Books With Happy Endings

I’ve been mulling over this post for a few days now, ever since a regular library patron of our branch asked me a seemingly innocuous question.  “Have you read any good, happy-ending books lately?” I was completely stumped.  So many questions swirled in my brain. Had I read any good happy-ending books lately?  Had I ever?  What was wrong with me that I couldn’t think of a single book to recommend to her?  Why do I only read sad books? Would I be a happier person if I read happier books?

I know that I used to read happy-ending books.  I went through a huge “chick-lit” phase in my 20’s.  (Yes, that term is problematic, but I do find it an apt way to categorize a large chunk of my previous reading habits.)  These were books about young women in their 20’s, mostly looking for love, a good job, and their identities in big cities like New York and London.  I was in a medium-sized Southern city, with a job I wasn’t sure about, but I still felt a kinship with these young women.  Most of them eventually found what they were looking for, or at least got started on a path that they liked, and it was comforting to read.

garden-spellsI’ve read and adored authors like Elinor Lipman and Sarah Addison Allen, who both write smart, charming fiction about love, family, and relationships.  They’re mostly happy in the end, usually.  I read The Rosie Project by Graeme Simsion last year and thought it was adorable and fun.  (Although I don’t feel compelled to read the sequel, The Rosie Effect.)  Rainbow Rowell’s Fangirl and Attachments were pretty happy and funny.  So I know that every once in a while I do read on the lighter side.
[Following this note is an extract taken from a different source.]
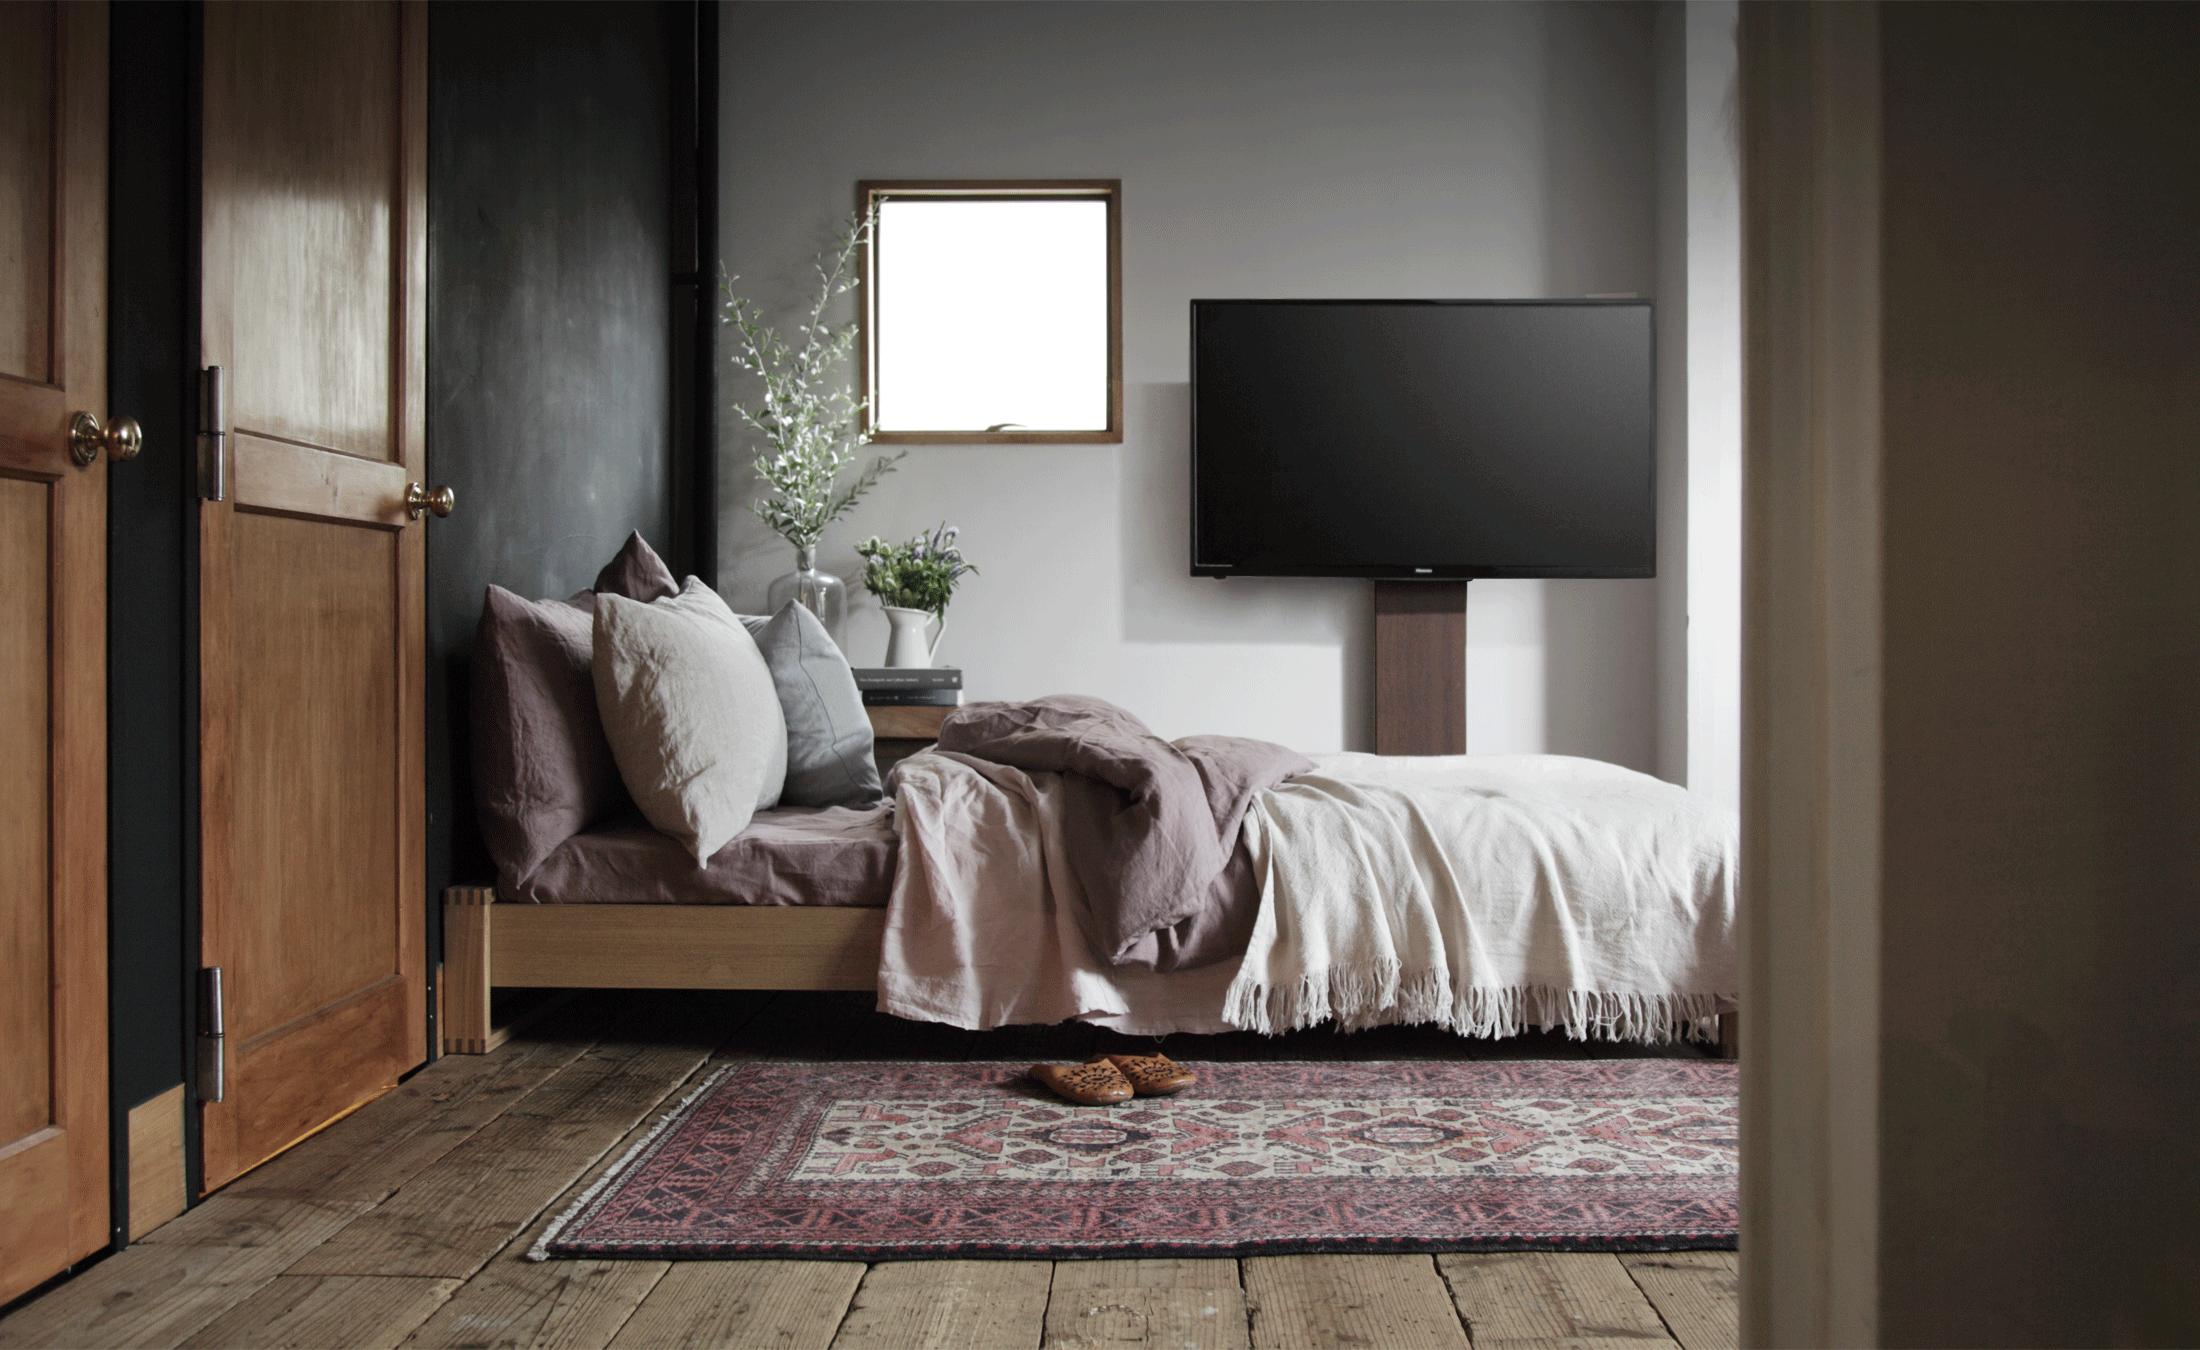 WALL INTERIOR TV STAND V3 壁寄せテレビスタンドV3 BEDROOM 1枚目
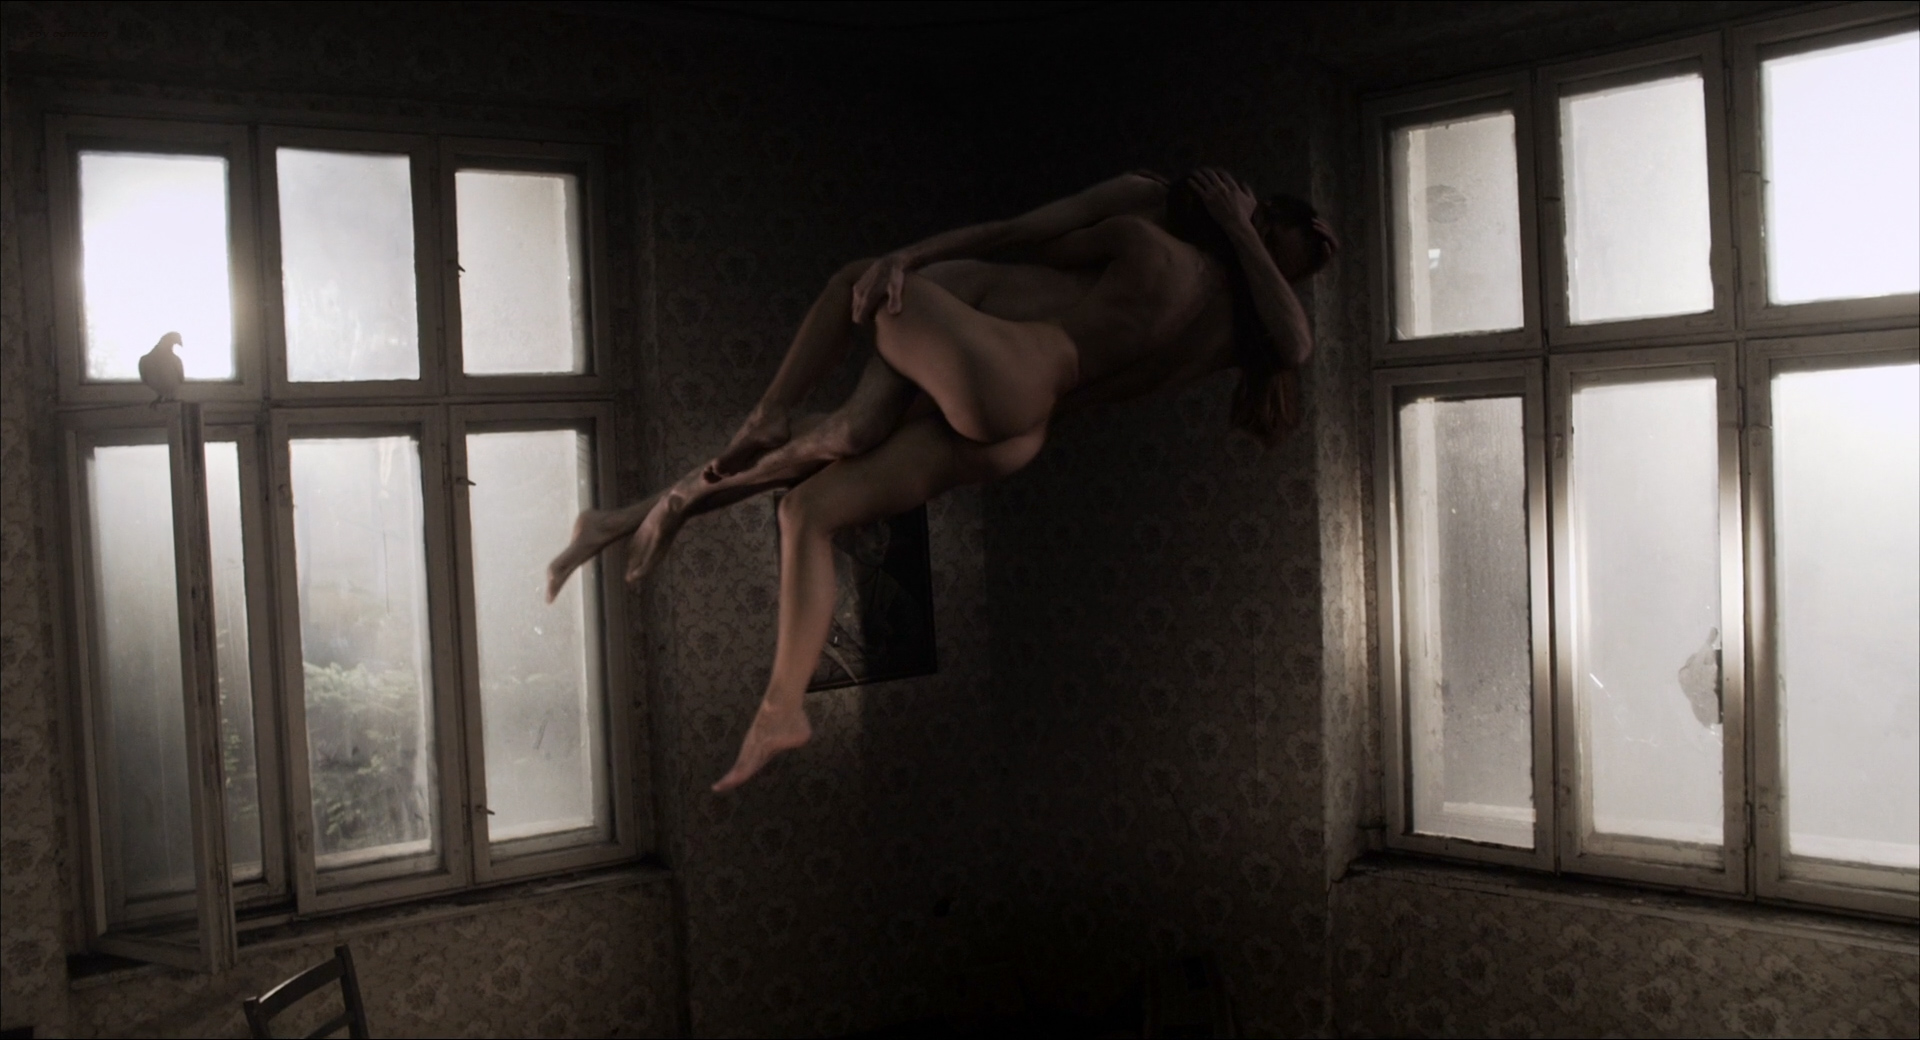 Ewa Matula nude busty boobs Karolina Korta hot others nude butt - Onirica (PL-2014) HD 1080p BluRay (11)

Looking at my Goodreads 2016 Reading Challenge, out of 62 books read thus far, I’d classify only 7, maybe 8, of them as “happy-ending books.”  That equals about 11%.  No wonder I totally blanked when my library patron asked me to recommend something.  I am often attracted to messy, bittersweet, or downright sad books because I read to experience and learn and feel.  I want my reading to teach me something – an emotional truth, the reality of a person’s life on the other side of the world or someone totally different from me in my home region – I want to experience it all, the good and the bad.  I look for connection, for understanding, for enlightenment.  That said, sometimes I just want a thrilling page-turner!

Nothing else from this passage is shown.